British state security ‘threatened by inquests’
New inquests into the deaths of a number of nationalists killed by British Crown forces in the north of Ireland have been blocked on the grounds that the security of the British state may be implicated.
The shock decision of chief coroner John Leckey to suspend inquests 14 deaths has provoked fury among the families of the victims.
The family of schoolboy Francis Rowntree, the first Irish person killed with a British ‘rubber bullet’, said they will take legal action. Eleven-year-old Francis was shot dead by the British army in April 1972 as he played with friends in west Belfast’s sprawling Divis Flats complex.
In June this year, Six-County Attorney General John Larkin ordered a fresh inquest into the Rowntree killing following new evidence uncovered by the family’s lawyer Padraig O Muirigh.
However, at a preliminary hearing this week, the coroner said that he had received legal advice indicating that only the British Direct Ruler had powers in areas affecting “national security” -- including, controversially the authority to order inquests.

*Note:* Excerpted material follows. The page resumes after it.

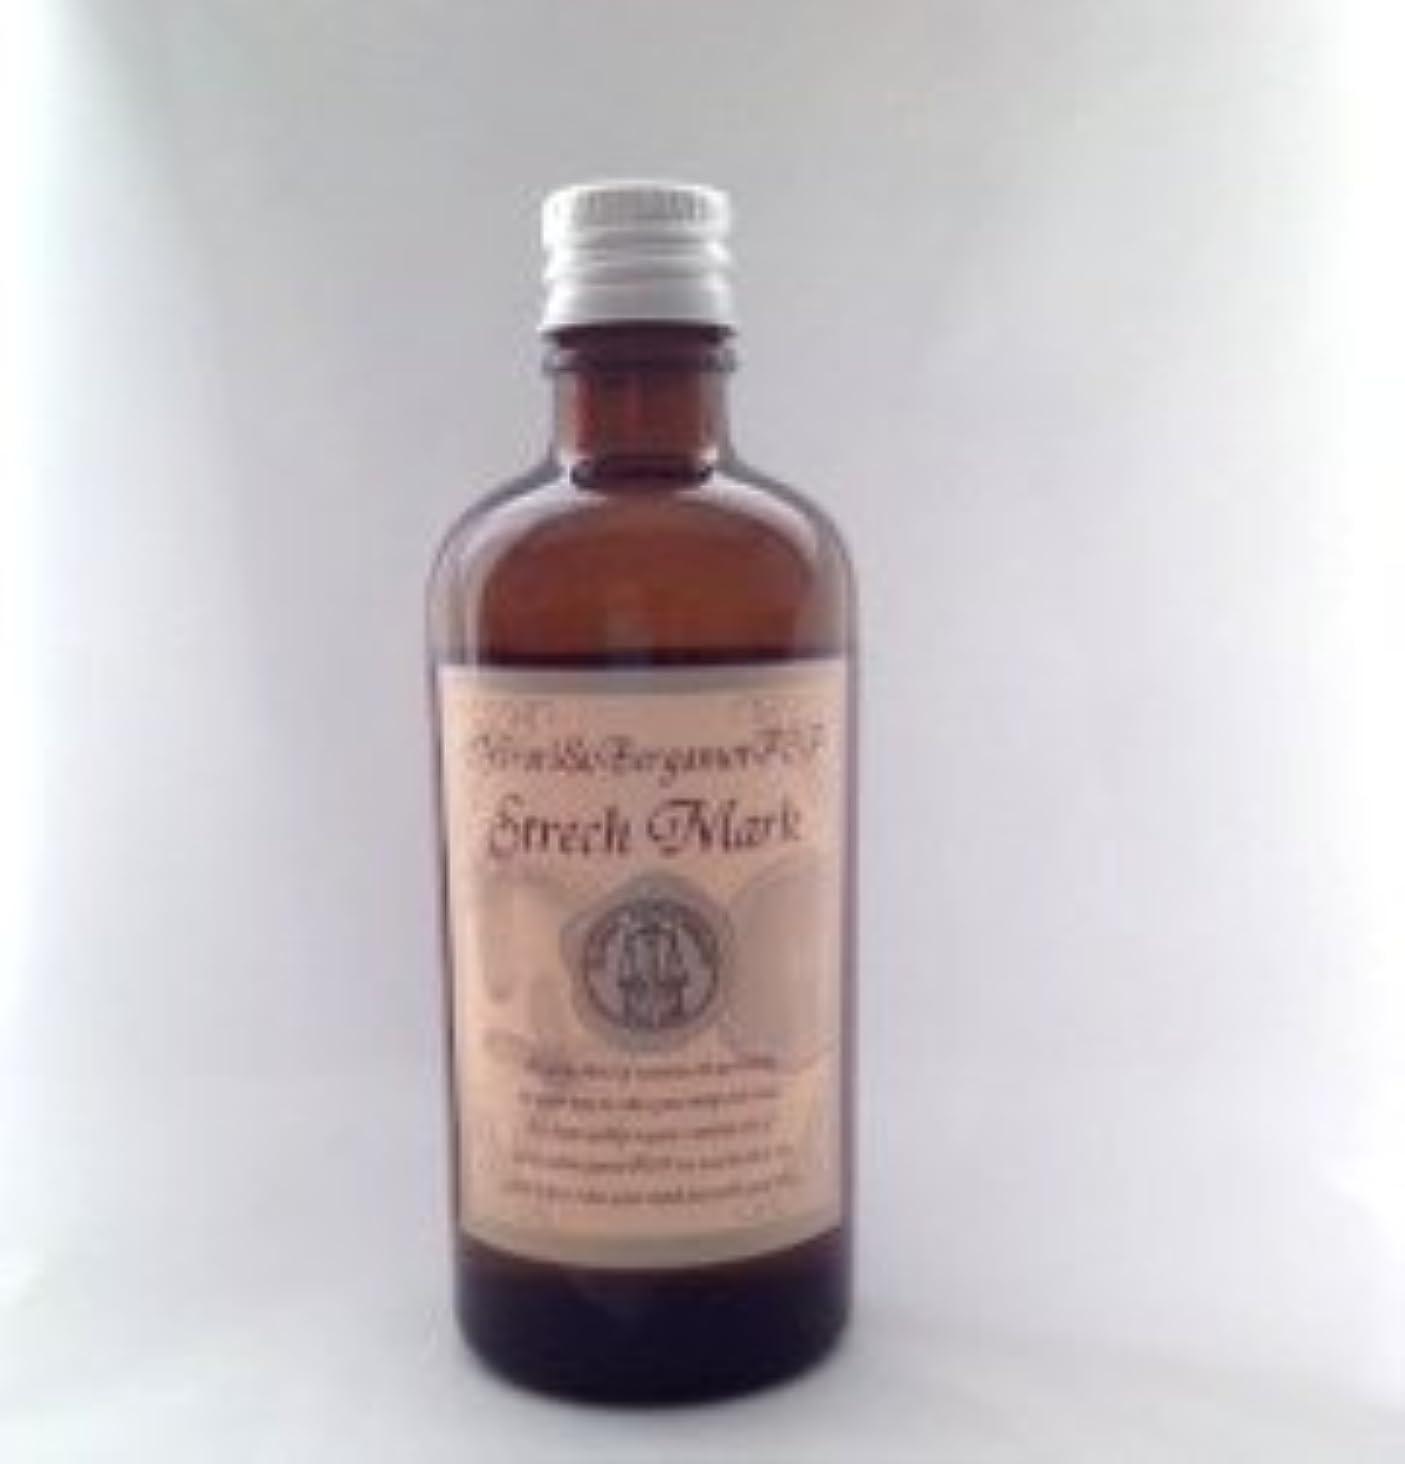 あさり部分リブヒーリングボディアロマオイル ストレッチマーク 105ml ネロリ&ベルガモットFCFの香り
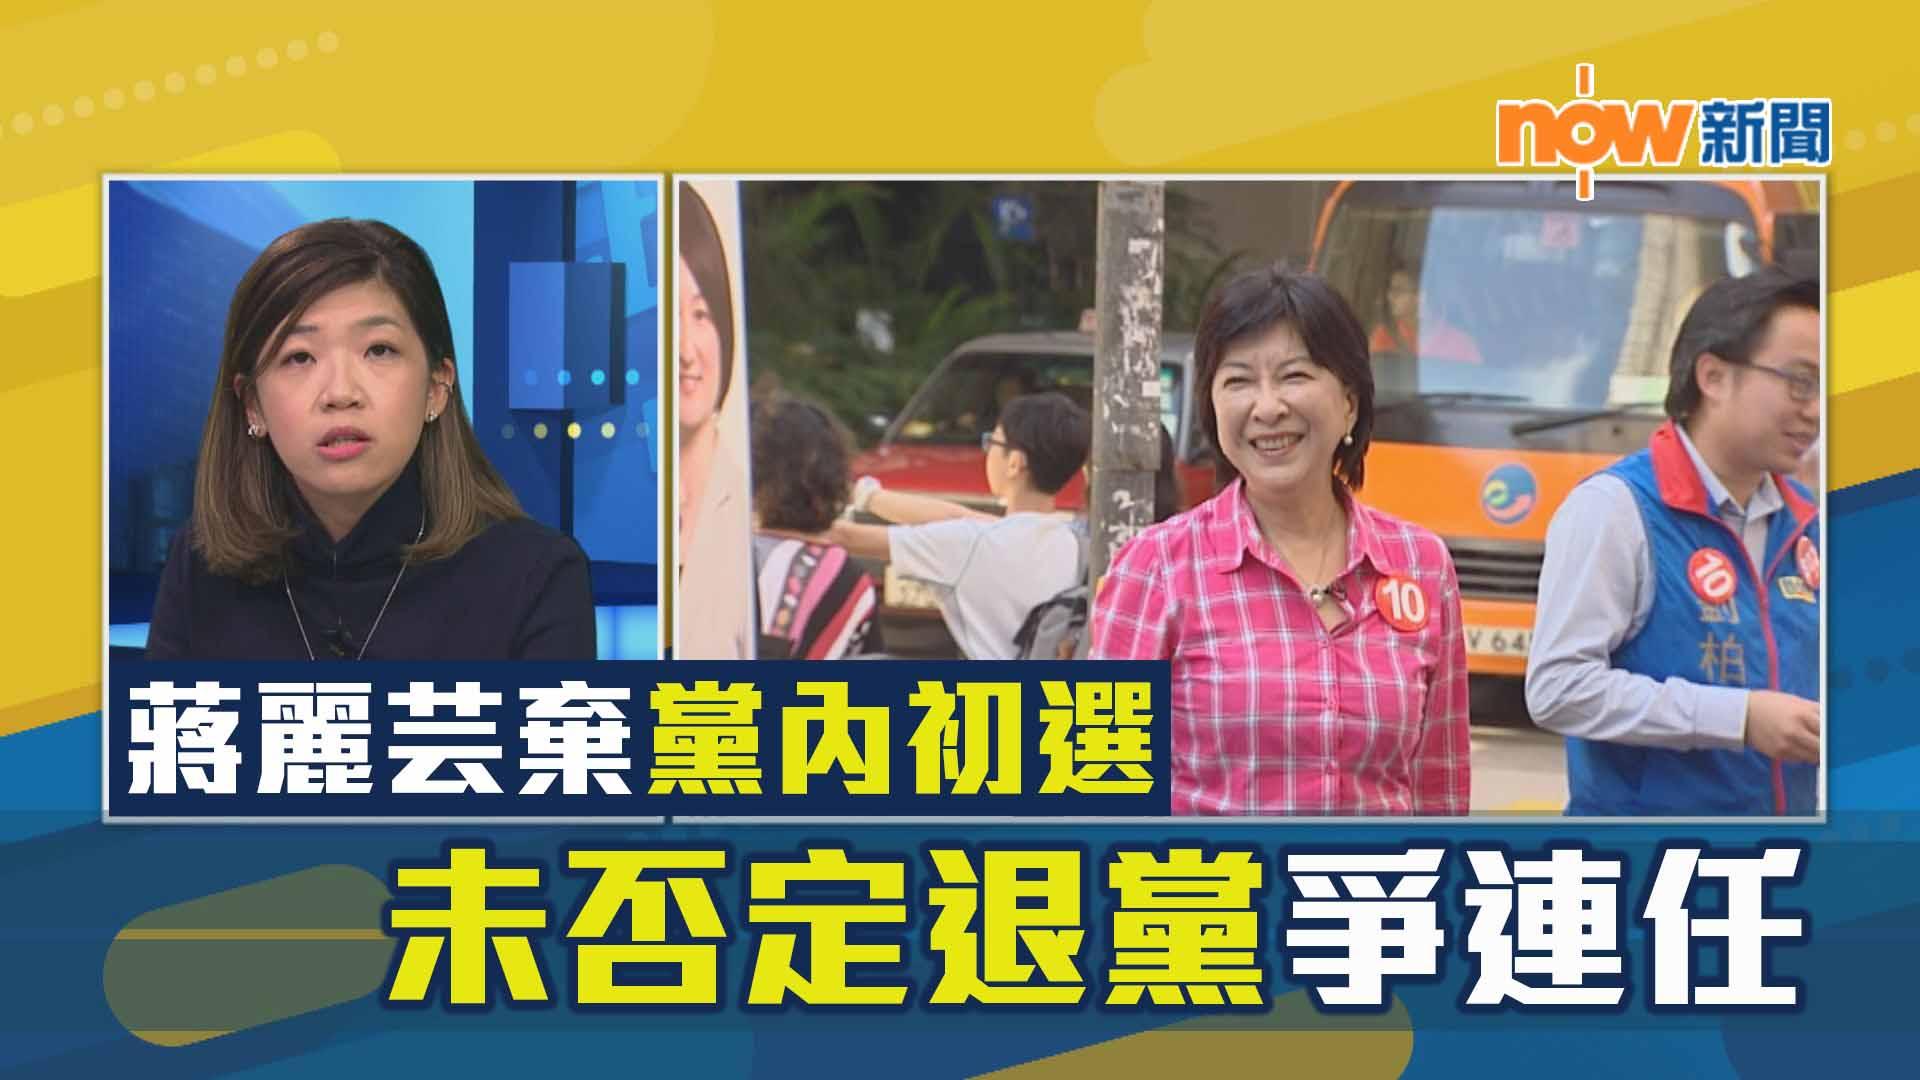 【政情】蔣麗芸棄黨內初選 未否定退黨爭連任

Under the 1998 Good Friday Agreement, matters relating to “state security” in the North of Ireland remain under the control of the British Crown, and beyond the remit of the Stormont Assembly.
Francis’s brother Jim Rowntree said the new inquest had given his family hope, which was now being taken away.
“Frank was just an innocent child and yet the army tried to blacken his name saying he was involved in a riot,” he said. “We have already waited over 40 years for justice. The way this has happened without any warning has been a major setback for our family.”
The announcement has also had an impact on other inquests ordered by Mr Larkin since he took up the post of attorney general in 2010. They include the killing of 10 people by the British army in Ballymurphy in August 1971, including a Catholic priest and a mother-of-eight.
Fresh inquests into the killing of north Belfast man Bernard Watt by a British soldier in 1971 and the shoot-to-kill murder of Francis Bradley by members of the SAS in Toomebridge in 1986 are also in jeopardy.
Referring to the Rowntree family yesterday, their lawyer said: “They have waited 40 years to have a proper inquest into the death of their loved one and this development is a step backwards for them.
“Their frustration has been compounded by the fact that the coroner did not give any prior notice before this morning’s preliminary hearing that he was making such a decision.
“We are currently considering a judicial review against the coroner in relation to this decision.”
Paul Pierce, representing the family of west Belfast man Gerard Slane -- who was shot dead by the loyalist UFF in a killing linked to British agent Brian Nelson -- said they too would challenge the coroner’s move.
“This is a case which goes to the very heart of the intelligence services and there already exists within the public domain very disturbing and significant information about Gerard’s murder,” Mr Pierce said.
“The attorney general examined some of that material and rightly in our view exercised his powers to hold a new inquest.”
The Ballymurphy Massacre Families, who have recently launched a high profile campaign for justice, said they were “very upset” by the development, and insisted the inquests into the deaths of their loved ones be reopened.
“We regard the original sham inquests as a serious neglect of duty by everyone involved and leave a lot of questions to be answered,” they said.
“The families believe that these inquests must be held without delay, with significant resources and funding provided to the coroner and the families legal representatives to ensure that all of the facts are known.”
Sinn Fein Assembly member Raymond McCartney said the coroner’s decision was “deeply concerning and upsetting for the families involved who have already waited too long to find out the truth”, while eirigi’s Breandan Mac Cionnaith described the decision as “absolutely shameful”.
“The decision by John Leckey, as senior coroner, to now halt those inquests on the grounds of ‘British national security’ is absolutely shameful,” he said. “Leckey should publicly explain to the family of Francis Rowntree exactly what type of threat an 11-year-old boy could possibly have posed to the security of the British state.”